Prove that A= { (x,1/x) ; x>0 } is closed: trying to show closure(A) is subset of A

Prove that A= { (x,1/x) ; x>0 } is closed

I was trying to prove that $\displaystyle Cl(A)\subseteq A$

So if I take $\displaystyle (a,b)\in Cl(A)\Rightarrow B((a,b),r)\cap A\neq \phi$ for any r>0
Then I should prove that this couple belongs to A
Well here is the problem, I don't know how to continue

 

[pka]

I was trying to prove that $\displaystyle Cl(A)\subseteq A$
So if I take $\displaystyle (a,b)\in Cl(A)\Rightarrow B((a,b),r)\cap A\neq \phi$ for any r>0
Then I should prove that this couple belongs to A
Well here is the problem, I don't know how to continue

Lets use $\displaystyle \overline{A\;}$ as the closure of $\displaystyle A$. It actually easier to show the the completement $\displaystyle {A}^c$ is open.
If you are allowed to do that, note that if $\displaystyle P: (p,q)\notin A$ then show the distance $\displaystyle \mathscr{D}(P,A)>0$
If not allowed, please tell us.

 

[pisrationalhahaha]

Lets use $\displaystyle \overline{A\;}$ as the closure of $\displaystyle A$. It actually easier to show the the completement $\displaystyle \overline{A\;}^c$ is open.
If you are allowed to do that, note that if $\displaystyle P: (p,q)\notin A$ then show the distance $\displaystyle \mathscr{D}(P,A)>0$
If not allowed, please tell us.

No not allowed
I don't even know such information yet

 

[pka]

No not allowed.

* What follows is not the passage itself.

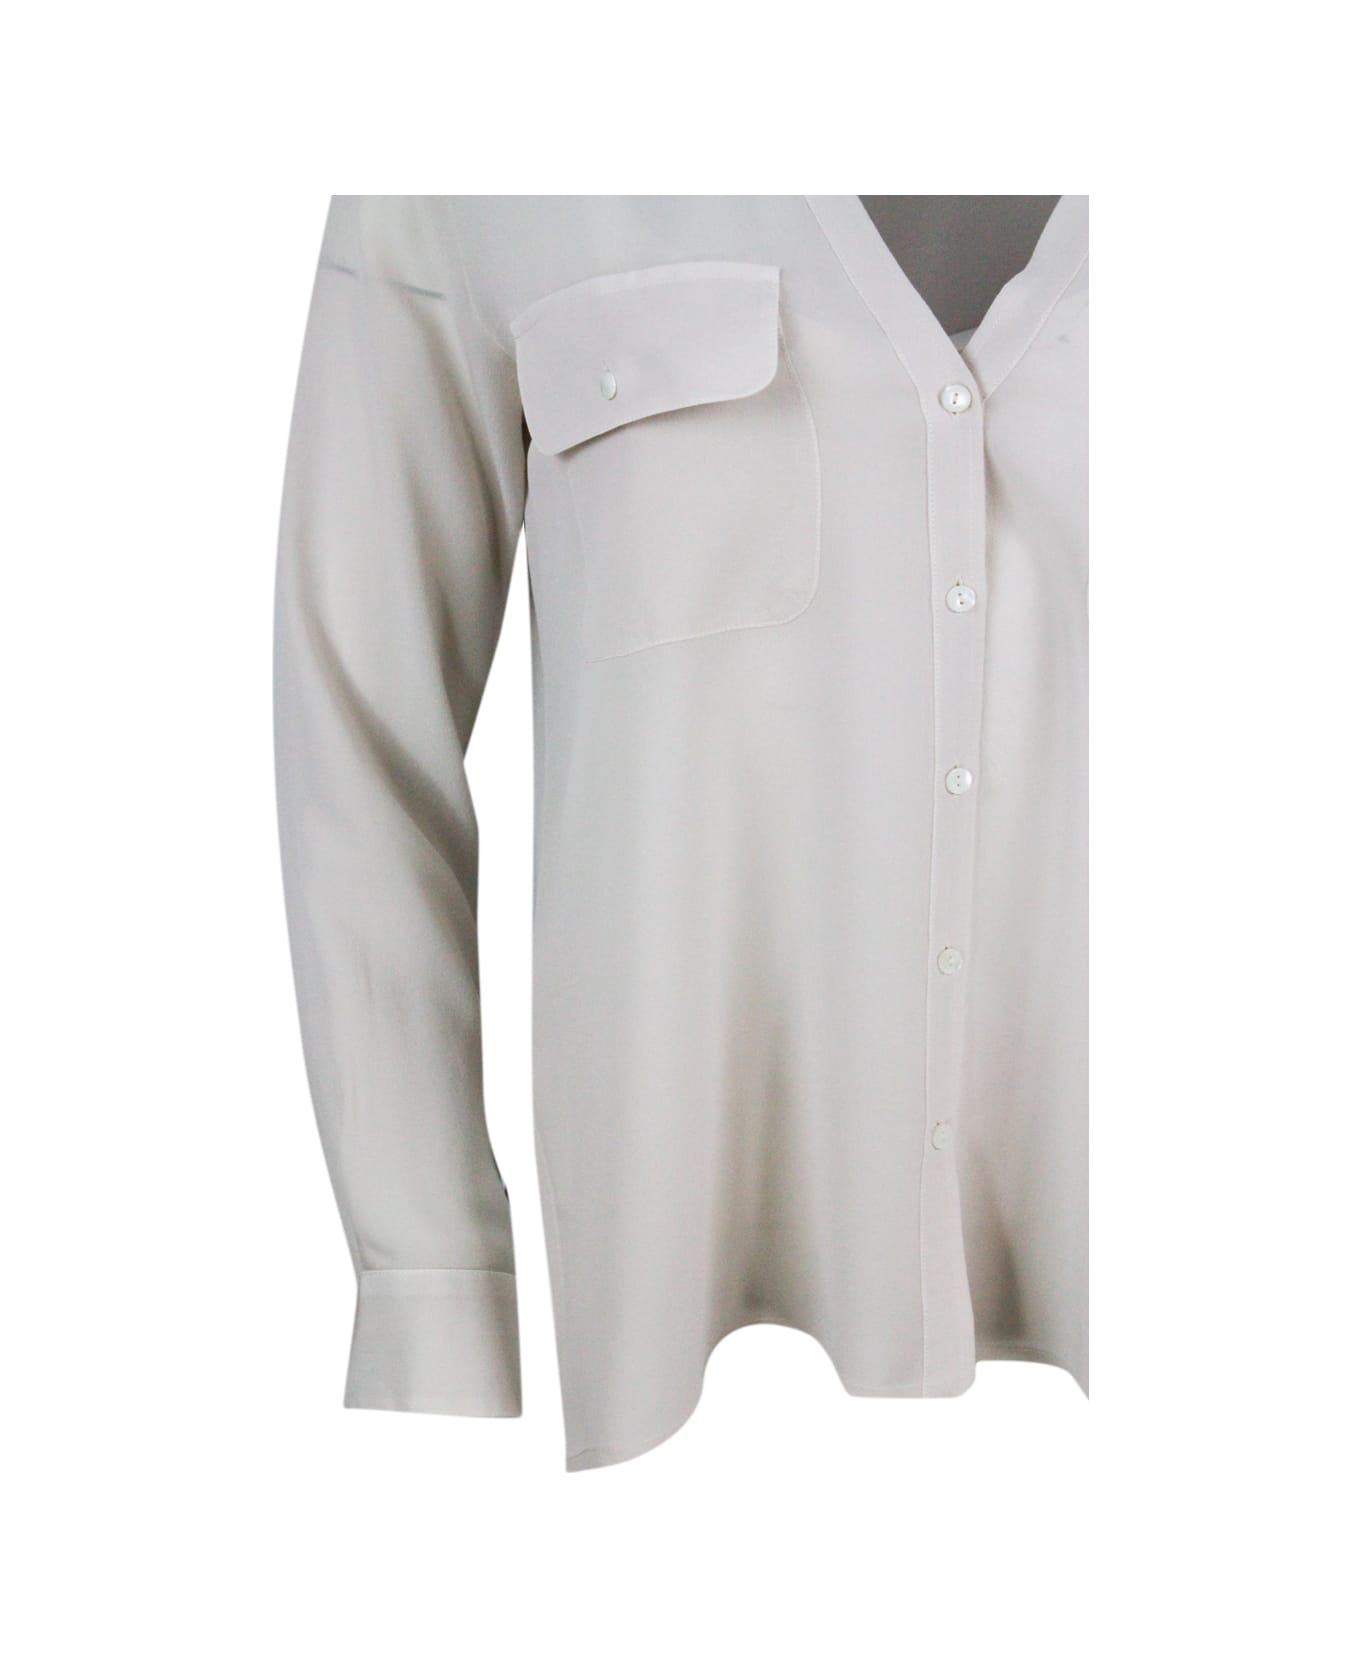 Antonelli Shirt Made Of Soft Stretch zip-up, With V-neck, WORLD Pockets And Button Closure - Beige
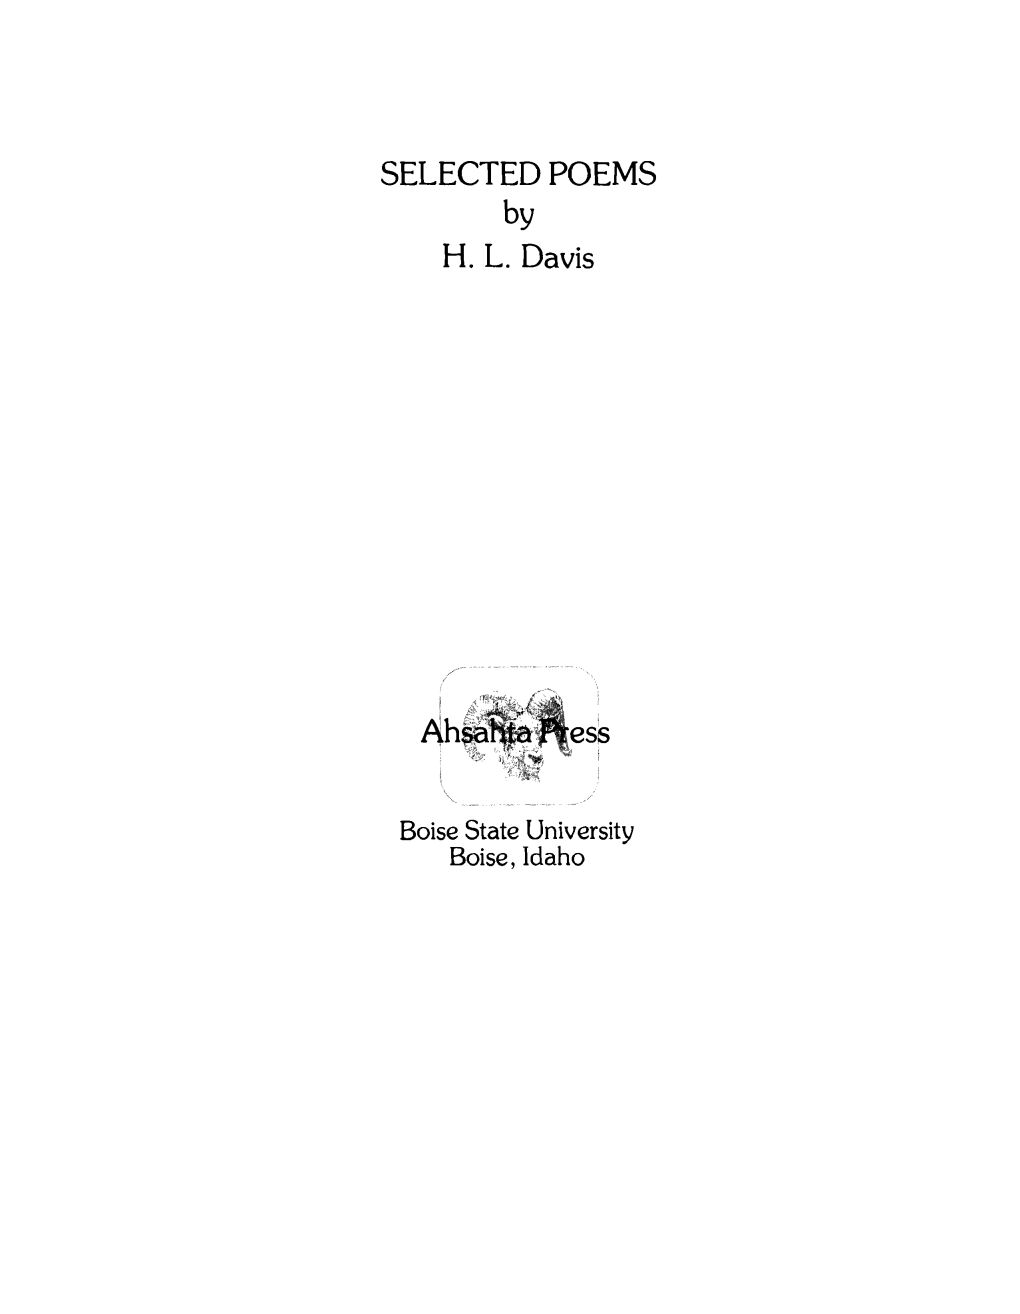 SELECTED POEMS by H

I don't even know such information yet

What a strange response? What kind of course are you taking?
In any course in which the concept of a closed set comes up then so does the idea of an open set.
Moreover, it is well known that the complement of an open set is a closed set & visa-versa.

 

[pisrationalhahaha]

What a strange response? What kind of course are you taking?
In any course in which the concept of a closed set comes up then so does the idea of an open set.
Moreover, it is well known that the complement of an open set is a closed set & visa-versa.

No I know this
But what you've said about the distance was unfamiliar

 

[pisrationalhahaha]

Okay I'll try to prove that the complement of A is open
So there would be two cases to consider
Case 1: y>1/x
Case 2: y<1/x (for any x>0)
If y>1/x:
Let $\displaystyle \forall (x,y)\in A^{c}$
B((x,y),r) for some r>0 be given
If $\displaystyle (a,b)\in B((x,y),r)$
then
$\displaystyle (x-a)^2+(y-b)^2< r^2$
Knowing that $\displaystyle (y-b)^2<(x-a)^2+(y-b)^2$.
then $\displaystyle (y-b)^2<r^2$ $\displaystyle \Leftrightarrow -r<y-b<r$
So now we have y-r<b<r+y
So if we choose r=y-1/x then we get that b>1/x, therefore (a,b) belongs to the complement of A
Is what I am doing right ?